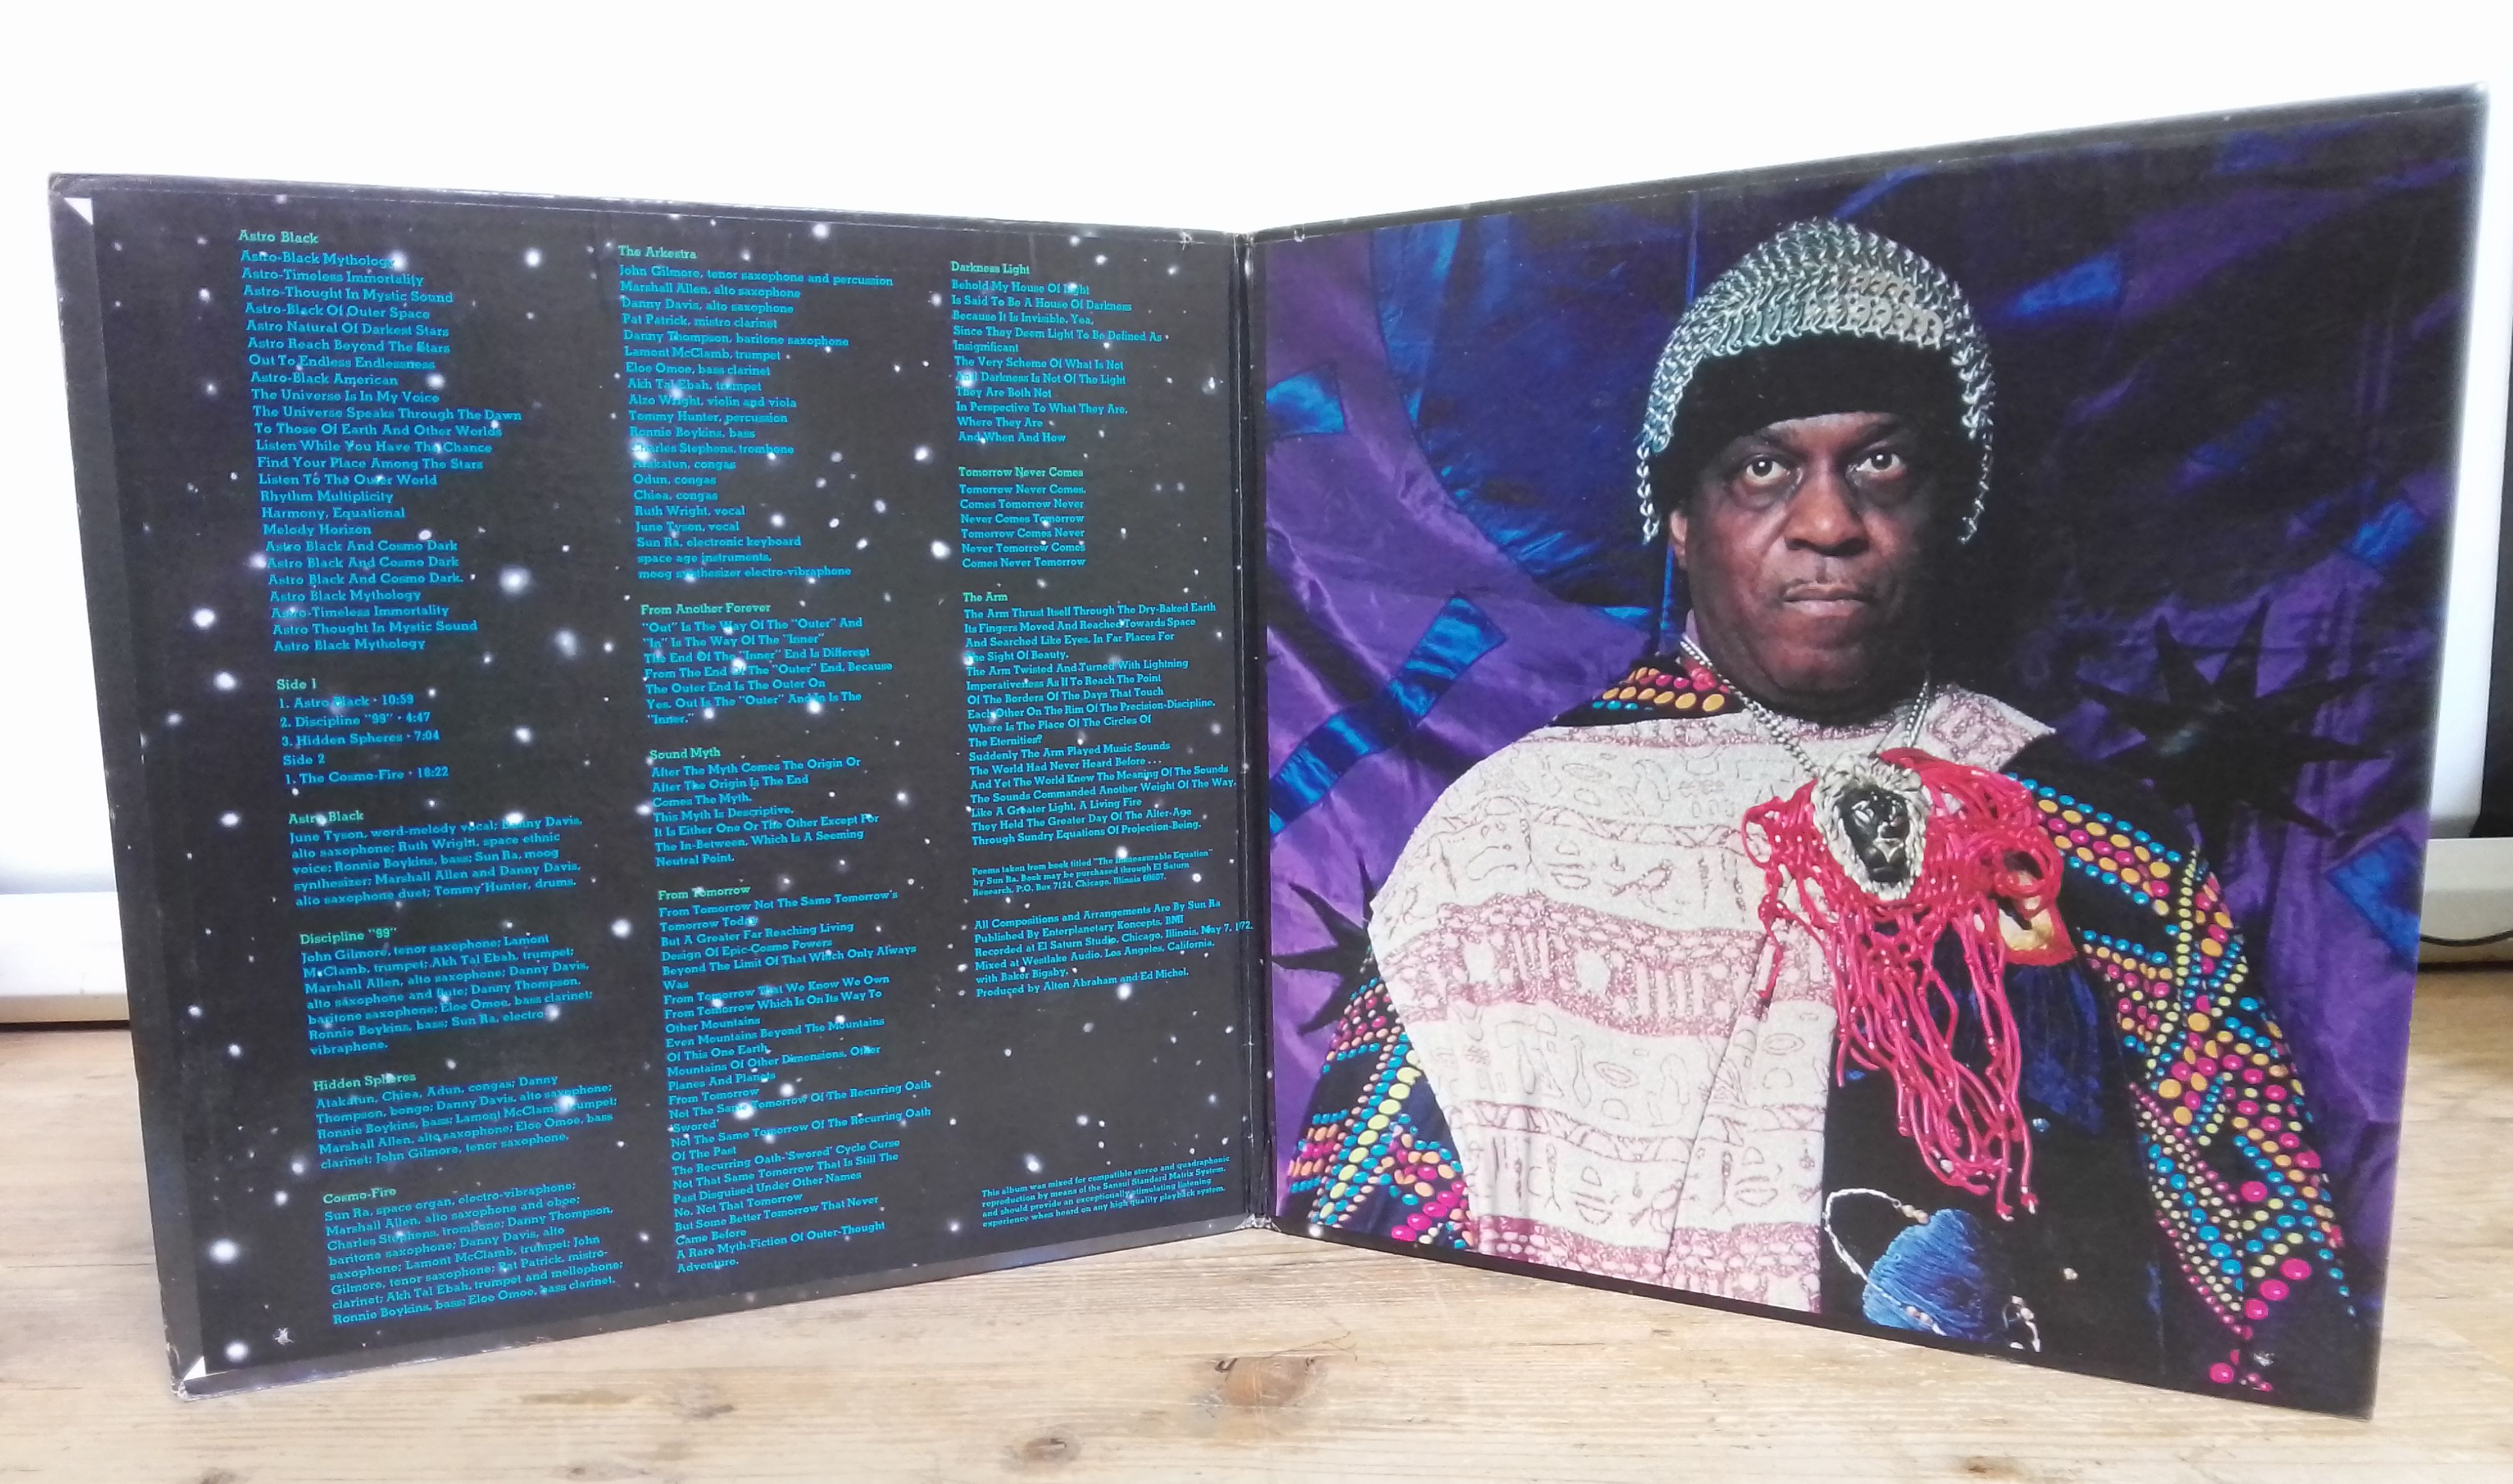 Two Sun Ra LPs: Astro Black, gatefold stereo LP, US 1973, Impulse AS-9255 and The Heliocentric - Image 2 of 8
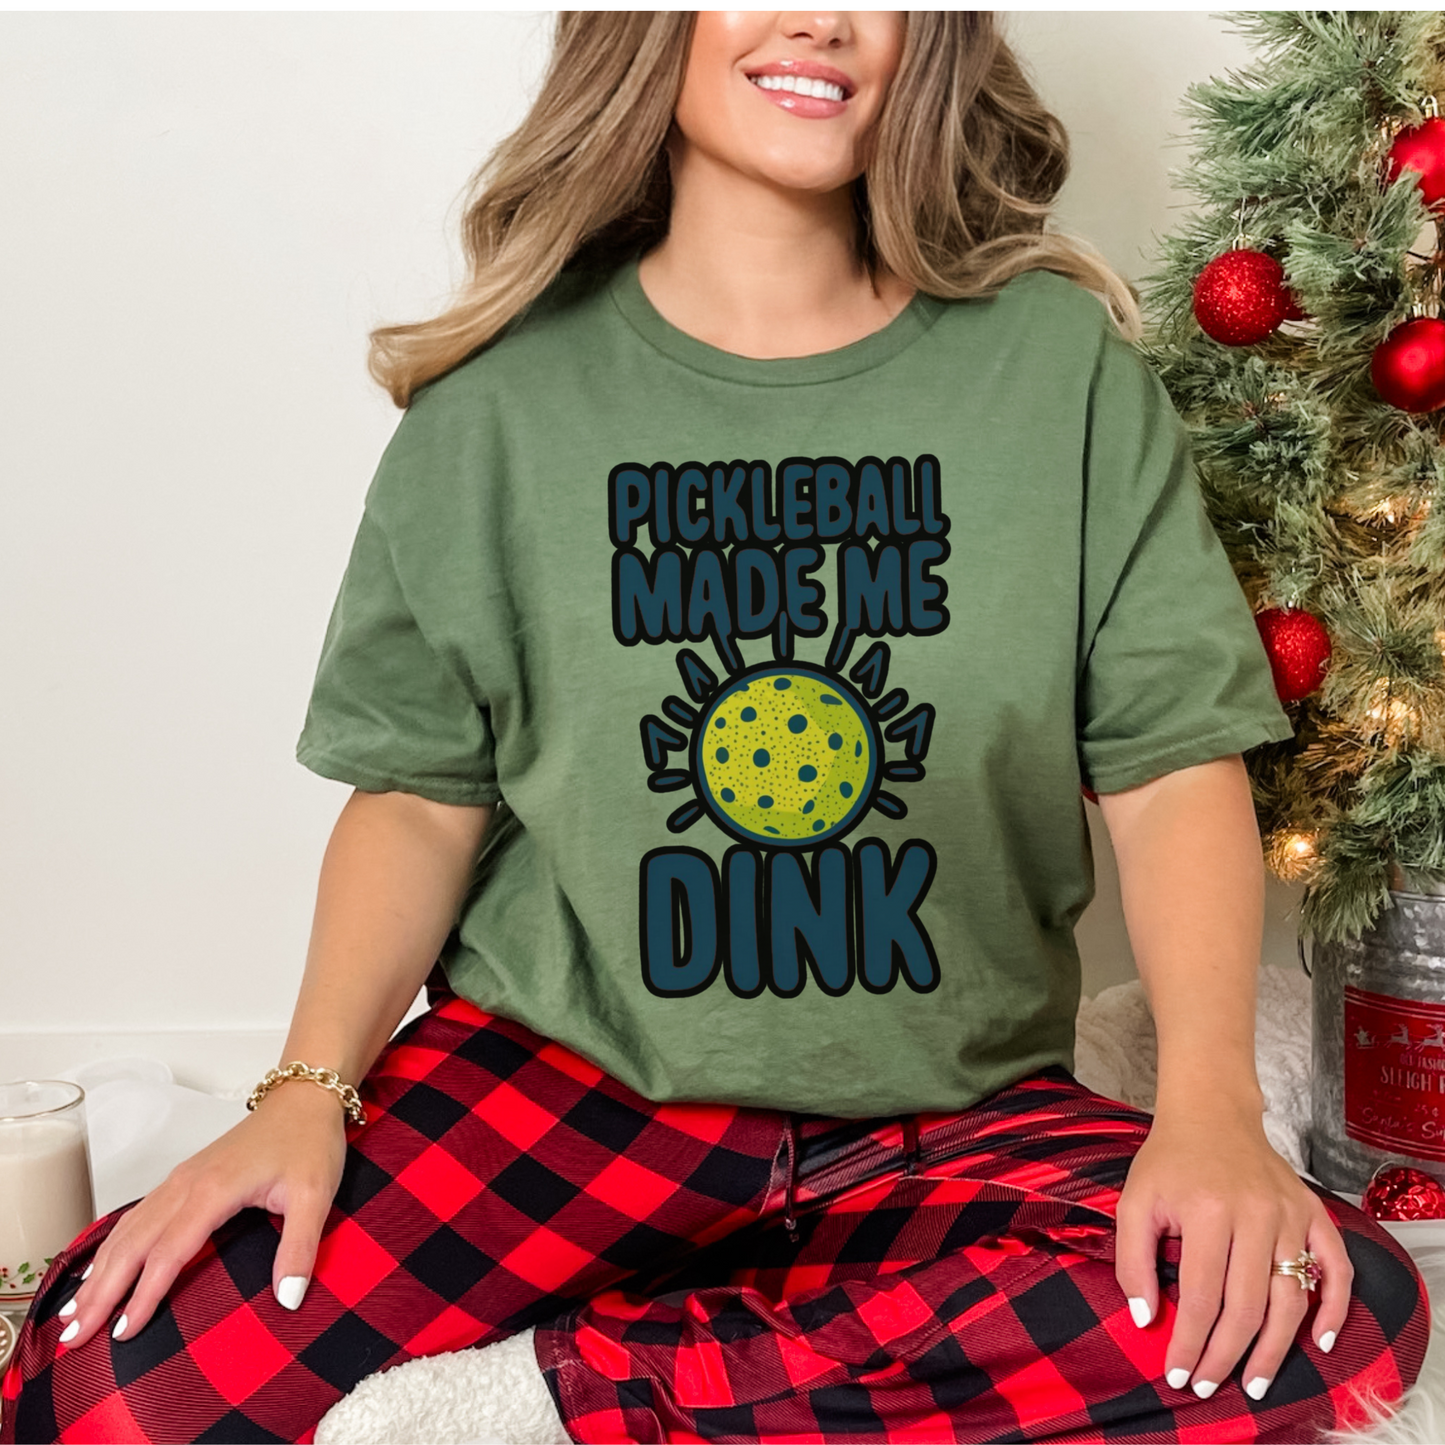 Pickleball Made Me Dink Tee with Exaggerated Pickleball Graphic, Pickleball Lover Tee, Pickleball Game Day, Pickleball ,Dink Pickleball Gift
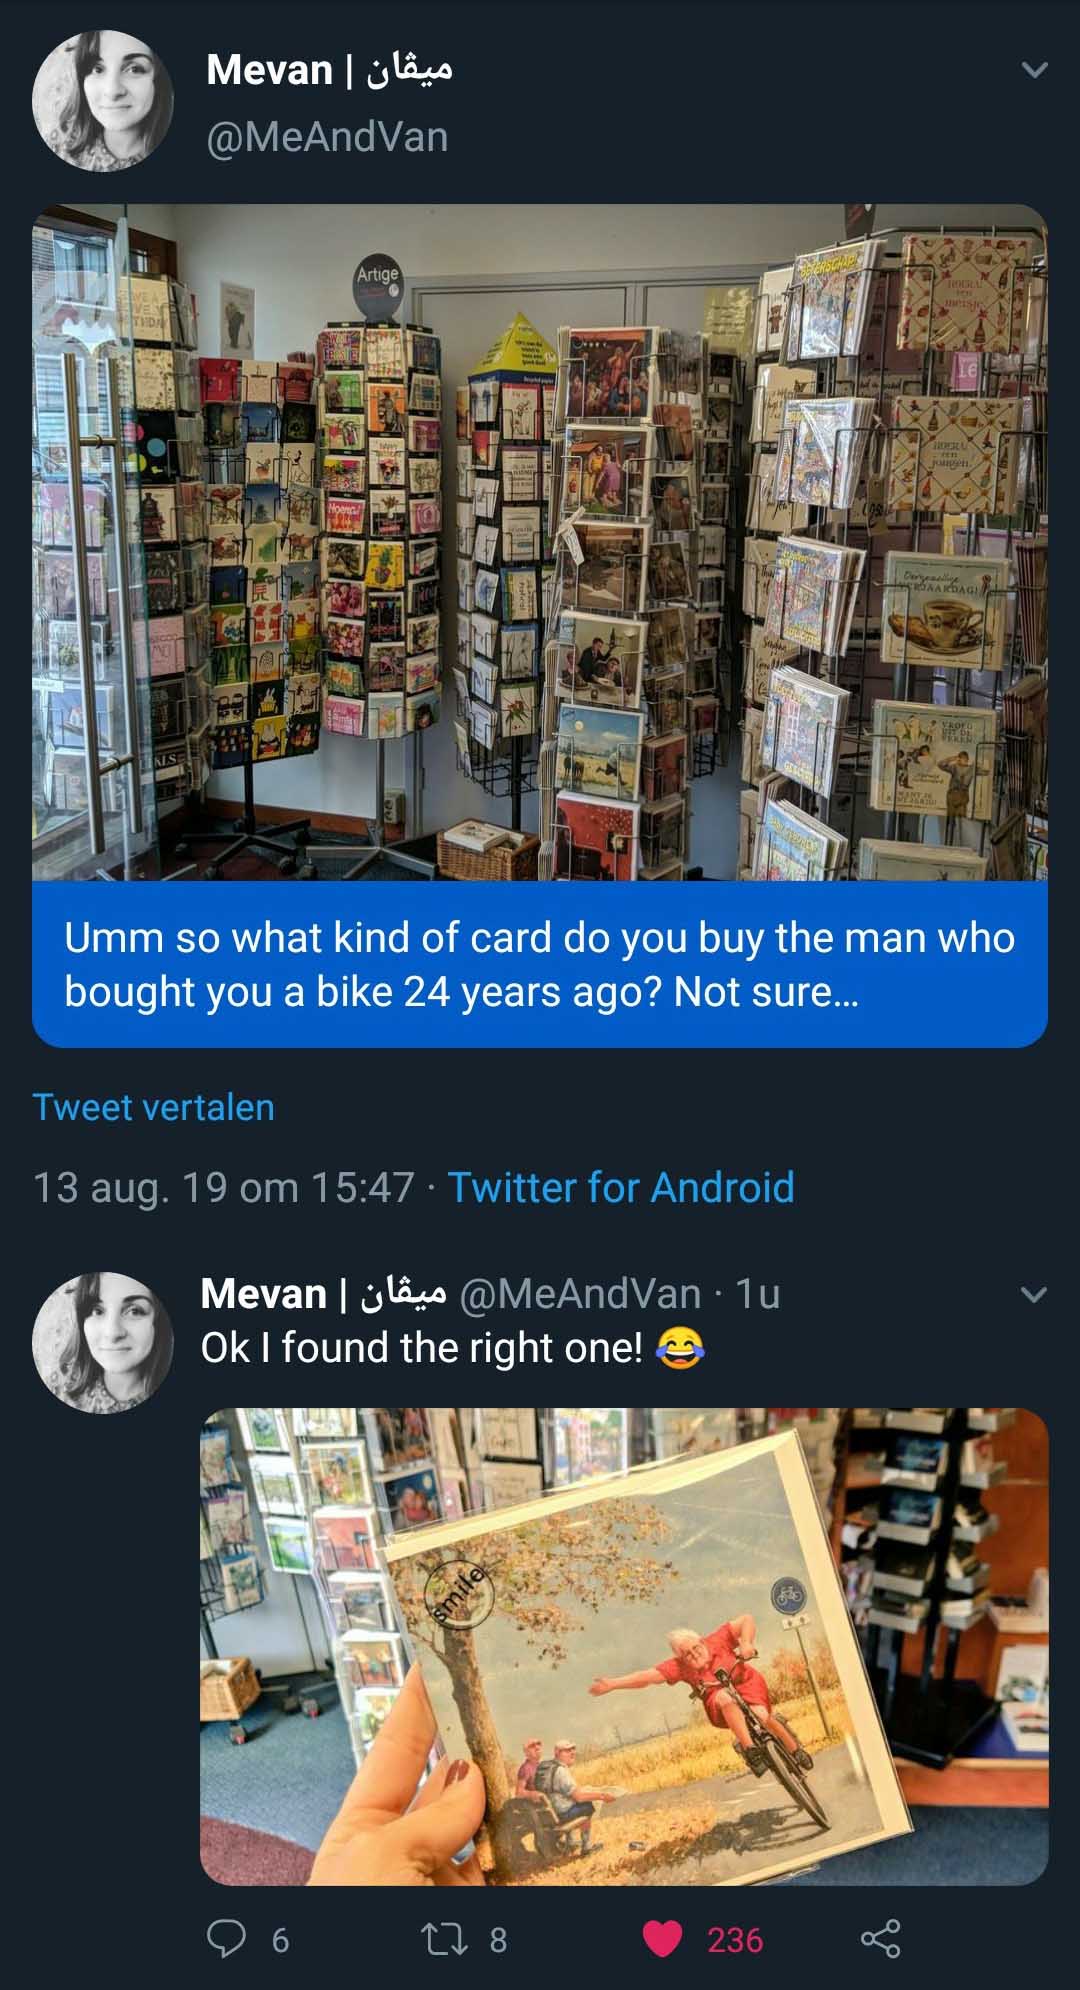 Mevan Artige Raicach Umm so what kind of card do you buy the man who bought you a bike 24 years ago? Not sure... Tweet vertalen 13 aug. 19 om Twitter for Android Mevan lilus 1u Ok I found the right one! 26 278 236 8
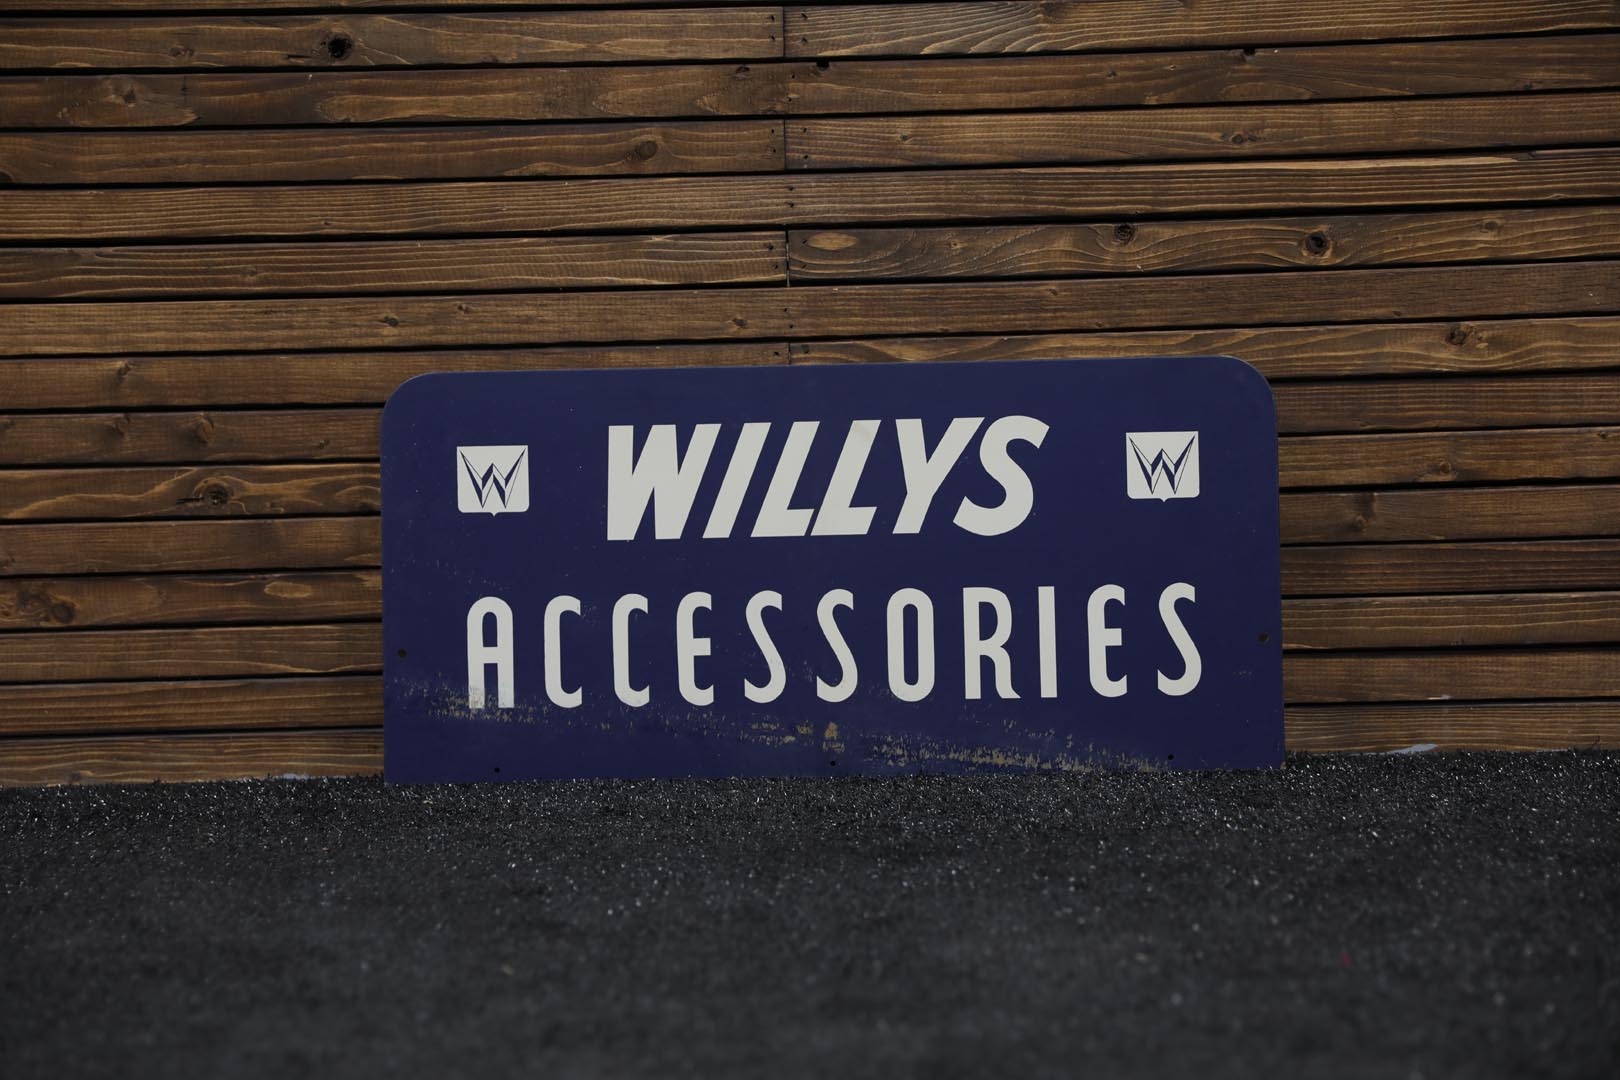  Late 1940s Original Willys Acc essories Dealership Sign

···

**What this task involves:** Without the pictures, repeat exactly the lines running from the line containing "Mevan Artige Raicach" through the end of the data, both ends included.

**Output for this task:**
 Mevan Artige Raicach Umm so what kind of card do you buy the man who bought you a bike 24 years ago? Not sure... Tweet vertalen 13 aug. 19 om Twitter for Android Mevan lilus 1u Ok I found the right one! 26 278 236 8
  Late 1940s Original Willys Acc essories Dealership Sign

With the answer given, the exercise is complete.